Pigai menegaskan bahwa ketentuan tersebut tidak dimaksudkan untuk membungkam kebebasan berekspresi warga negara.
Menurut Pigai, aturan serupa juga diterapkan di berbagai negara demokratis, salah satunya Jerman.
Namun dalam praktiknya, pasal tersebut tidak pernah digunakan untuk memenjarakan warga negara.
“Di Jerman itu ada, tapi tidak pernah itu kanselir Jerman memenjarakan rakyatnya. Jadi, jangan terlalu khawatir,” ujar Pigai saat diwawancarai di Kantor Kementerian HAM, Jakarta, Senin.

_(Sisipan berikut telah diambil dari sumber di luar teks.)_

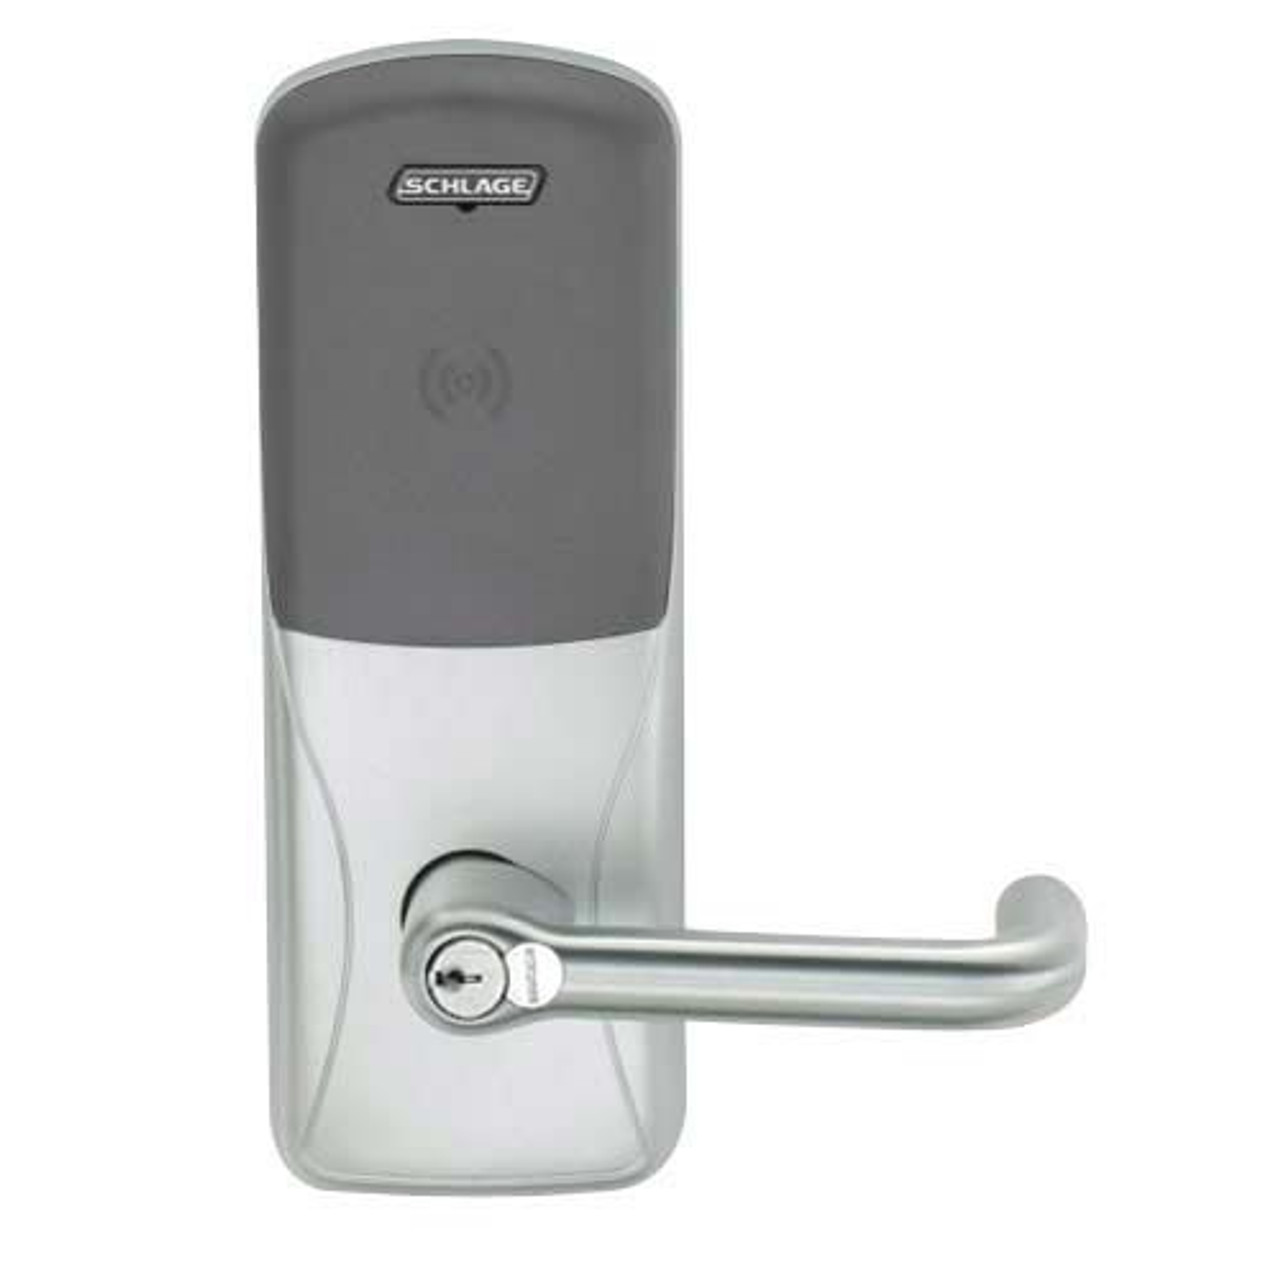 CO200-MD-40-PR-TLR-GD-29R-619 Mortise Deadbolt Standalone Electronic Proximity Locks in Satin Nickel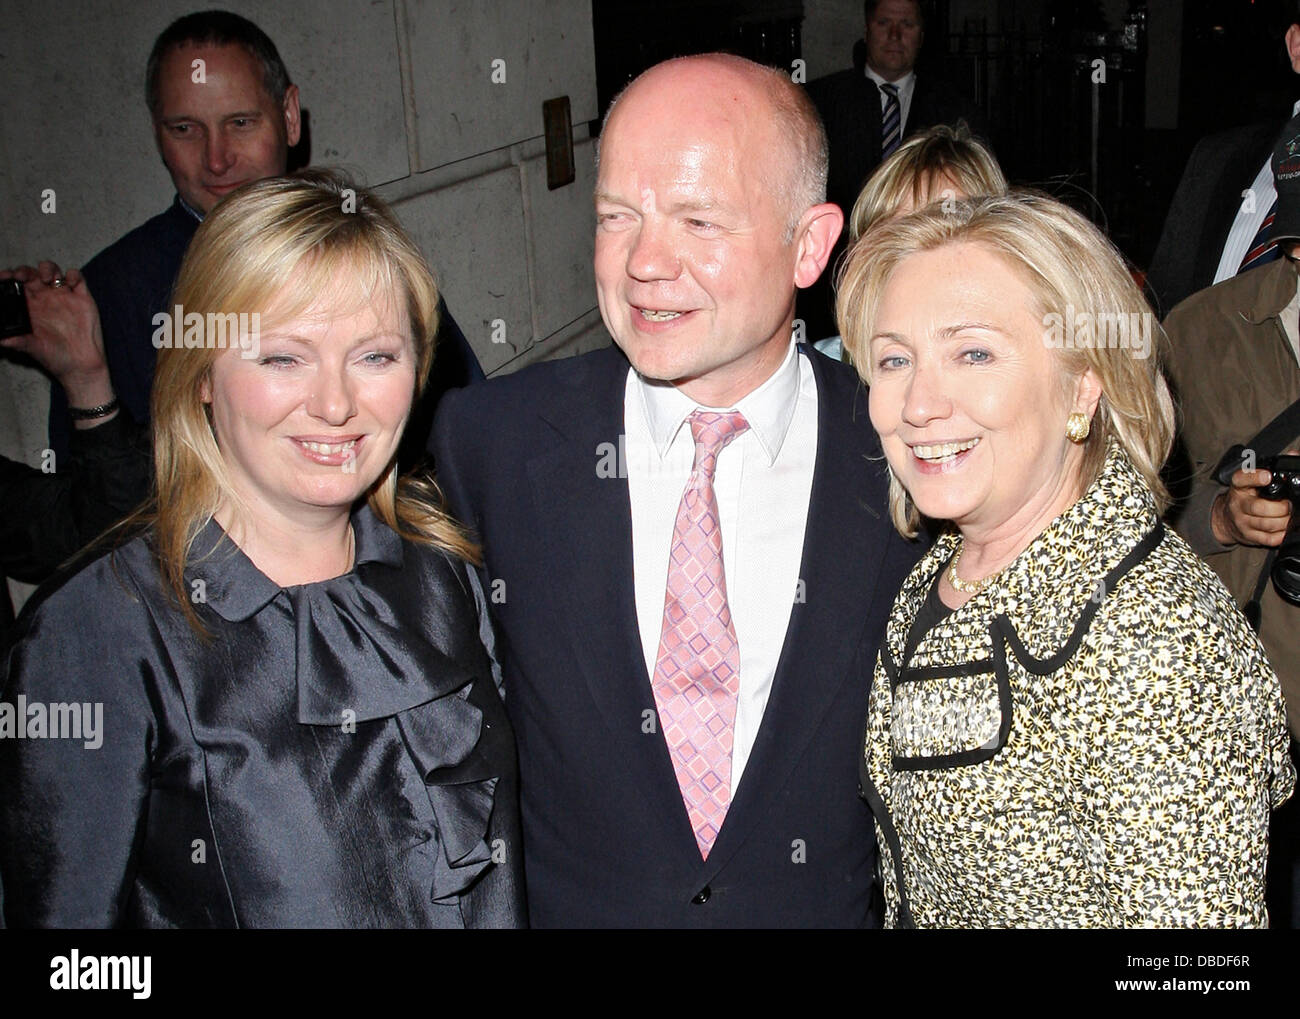 US Secretary of State Hillary Clinton leaves the Wolseley restaurant after dining with Foreign Secretary William Hague and his wife Ffion Hague London, England - 24.05.11 Stock Photo

Baca Juga: Natalius Pigai Targetkan Indonesia Rebut Kursi Presiden Dewan HAM PBB
Ia menjelaskan bahwa pasal penghinaan presiden bersifat simbolis sebagai bentuk perlindungan terhadap martabat kepala negara dan kehormatan negara. Untuk mencegah penyalahgunaan, pasal tersebut dirumuskan sebagai delik aduan, sehingga proses hukum hanya dapat berjalan jika ada laporan langsung dari pihak yang merasa dirugikan.
“Hanya yang bersangkutan yang melaporkan dan yang bersangkutan yang melakukan pengampunan dan penarikan,” katanya.
Pigai juga menilai kecil kemungkinan seorang presiden akan memproses hukum warganya hanya karena kritik atau ekspresi di ruang publik. Ia kembali mencontohkan praktik di negara lain.
“Masa kanselir Jerman mau adukan rakyatnya? Enggak bisa lah, enggak mungkin lah,” tuturnya.
Lebih lanjut, Pigai menyebut bahwa saat ini masih terlalu dini untuk menilai apakah pasal tersebut melanggar prinsip hak asasi manusia. Ia menekankan bahwa penilaian baru dapat dilakukan setelah ada praktik penerapan yang nyata.
“Setelah ada undang-undang ini, kemudian implementasinya ada tindakan-tindakan yang bertentangan dengan HAM, baru boleh dinilai. Sekarang kan baru undang-undang,” ujarnya.
Di sisi lain, Pigai mengakui bahwa Kementerian HAM tidak dilibatkan secara penuh dalam proses penyusunan KUHP.
Meski demikian, ia mengapresiasi tim perumus undang-undang tersebut karena dinilai memahami prinsip-prinsip hak asasi manusia.
Baca Juga: Anggap Kinerja Menteri HAM Tidak Optimal, PKB Minta Pigai Ambil Sikap Tegas dalam Kasus Rempang
“Ini saya ngomong jujur. Meskipun kami tidak ikut terlibat penuh, saya apresiasi mereka yang menyusun ini adalah orang yang paham HAM. Ketika kita baca setelah ditetapkan, ternyata isinya mengandung nilai-nilai HAM,” katanya.